DataDog / datadog-agent

Main repository for Datadog Agent
https://docs.datadoghq.com/
Apache License 2.0
2.88k stars 1.21k forks source link

panic: runtime error: index out of range [0] with length 0 │ #9516

Closed ajkost closed 2 years ago

ajkost commented 3 years ago

Output of the info page (if this is a bug)

===============
Agent (v7.27.0)
===============

  Status date: 2021-10-14 14:07:15.242 UTC (1634220435242)
  Agent start: 2021-10-14 10:52:17.395 UTC (1634208737395)
  Pid: 1
  Go Version: go1.14.12
  Python Version: 3.8.5
  Build arch: amd64
  Agent flavor: agent
  Check Runners: 4
  Log Level: INFO

  Paths
  =====
    Config File: /etc/datadog-agent/datadog.yaml
    conf.d: /etc/datadog-agent/conf.d
    checks.d: /etc/datadog-agent/checks.d

  Clocks
  ======
    NTP offset: -7.125ms
    System time: 2021-10-14 14:07:15.242 UTC (1634220435242)

  Host Info
  =========
    bootTime: 2021-10-14 10:50:50 UTC (1634208650000)
    kernelArch: x86_64
    kernelVersion: 5.4.120+
    os: linux
    platform: debian
    platformFamily: debian
    platformVersion: bullseye/sid
    procs: 966
    uptime: 1m32s
    virtualizationRole: guest

Describe what happened: Some of our containers got stuck in Removal In Progress state and are being left there without name.

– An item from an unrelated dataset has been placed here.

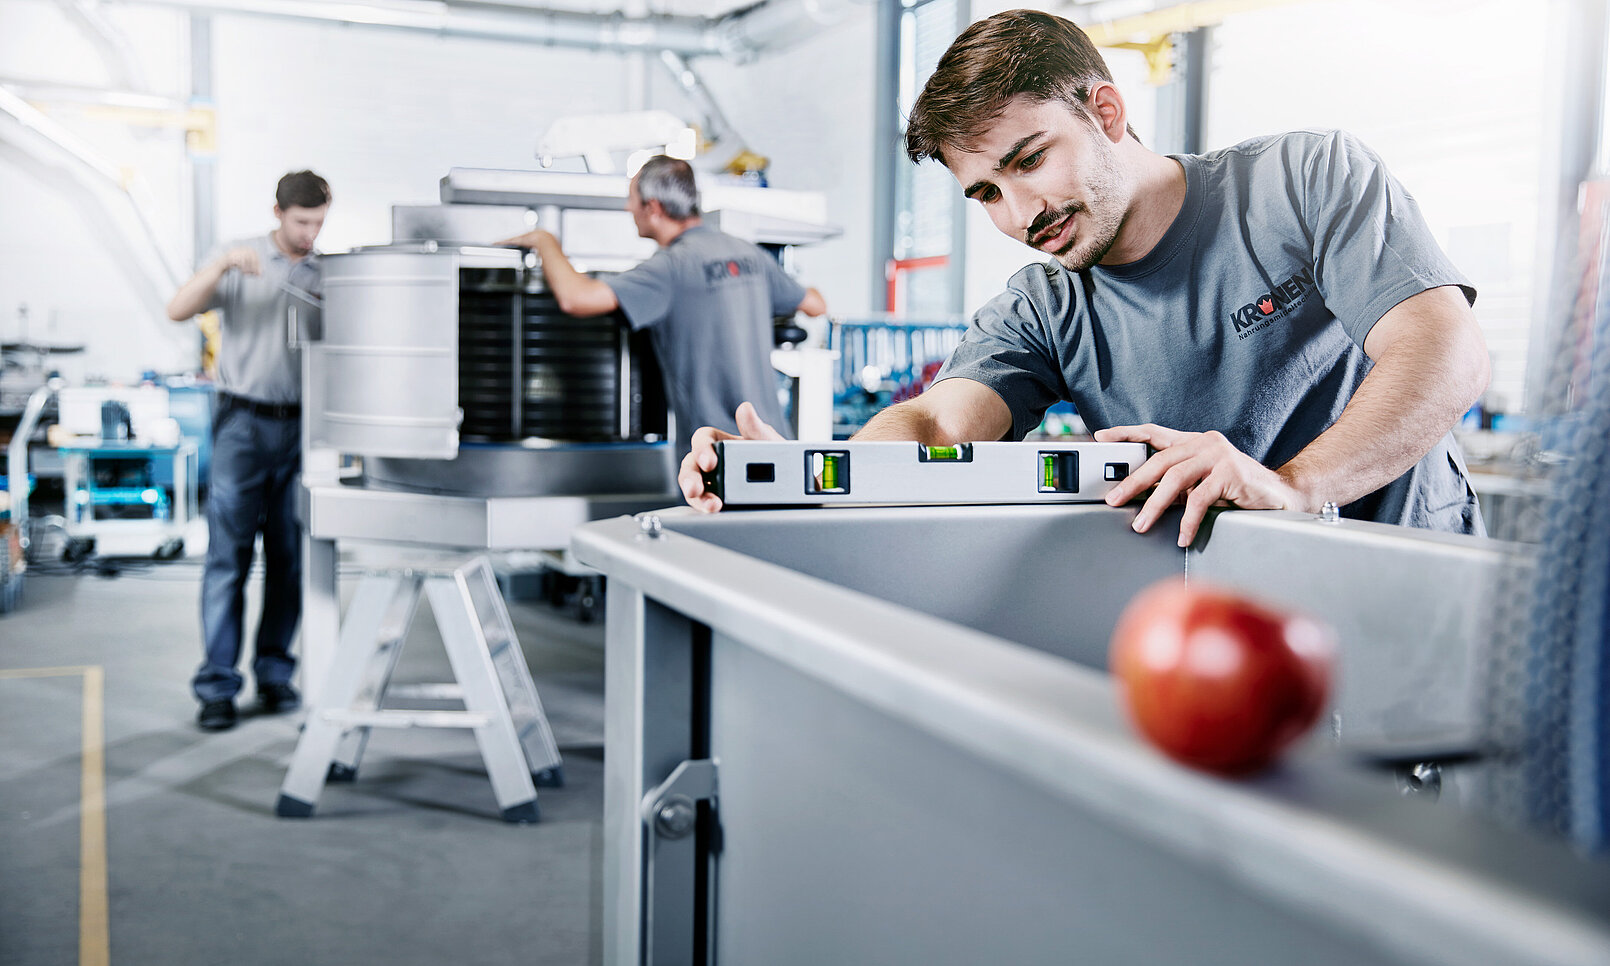 KRONEN – About us: As a family-run company with a highly qualified employees and more than 40 years of know-how in this  sector, we stand for innovative food technology – worldwide.

Probably during check:docker there is no check if the container name is nil here. Agent container ends in CrashLoopBackOff state and is restarting over and over. In agent's logs I can see this:

 2021-10-14 14:18:39 UTC | CORE | INFO | (pkg/collector/runner/runner.go:261 in work) | check:docker | Running check                                                                                             
 panic: runtime error: index out of range [0] with length 0                                                                                                                                                      
 goroutine 466 [running]:                                                                                                                                                                                        
 github.com/DataDog/datadog-agent/pkg/util/docker.(*DockerUtil).dockerContainers(0xc000c102d0, 0xc0021a591e, 0x0, 0x0, 0x0, 0x0, 0x0)                                                                            
     /.omnibus/src/datadog-agent/src/github.com/DataDog/datadog-agent/pkg/util/docker/containers.go:231 +0x120f                                                                                                  
 github.com/DataDog/datadog-agent/pkg/util/docker.(*DockerUtil).ListContainers(0xc000c102d0, 0xc000fc391e, 0x0, 0x0, 0x0, 0x1672e25, 0x5a25c4c)                                                                  
     /.omnibus/src/datadog-agent/src/github.com/DataDog/datadog-agent/pkg/util/docker/containers.go:46 +0x11e                                                                                                    
 github.com/DataDog/datadog-agent/pkg/collector/corechecks/containers/docker.(*DockerCheck).Run(0xc000892460, 0x2e20ed590, 0x63cfa00)                                                                            
     /.omnibus/src/datadog-agent/src/github.com/DataDog/datadog-agent/pkg/collector/corechecks/containers/docker/docker.go:130 +0x2f1                                                                            
 github.com/DataDog/datadog-agent/pkg/collector/runner.(*Runner).work(0xc0009397d0)                                                                                                                              
     /.omnibus/src/datadog-agent/src/github.com/DataDog/datadog-agent/pkg/collector/runner/runner.go:270 +0x4bc                                                                                                  
 created by github.com/DataDog/datadog-agent/pkg/collector/runner.(*Runner).AddWorker                                                                                                                            
     /.omnibus/src/datadog-agent/src/github.com/DataDog/datadog-agent/pkg/collector/runner/runner.go:100 +0x8a

image Describe what you expected: no matter if there is or is not a name of container, I expect normal start of datadog-agent

Steps to reproduce the issue: Still investigating why some of containers ends up in Removal In Progress state, so no exact steps to reproduce.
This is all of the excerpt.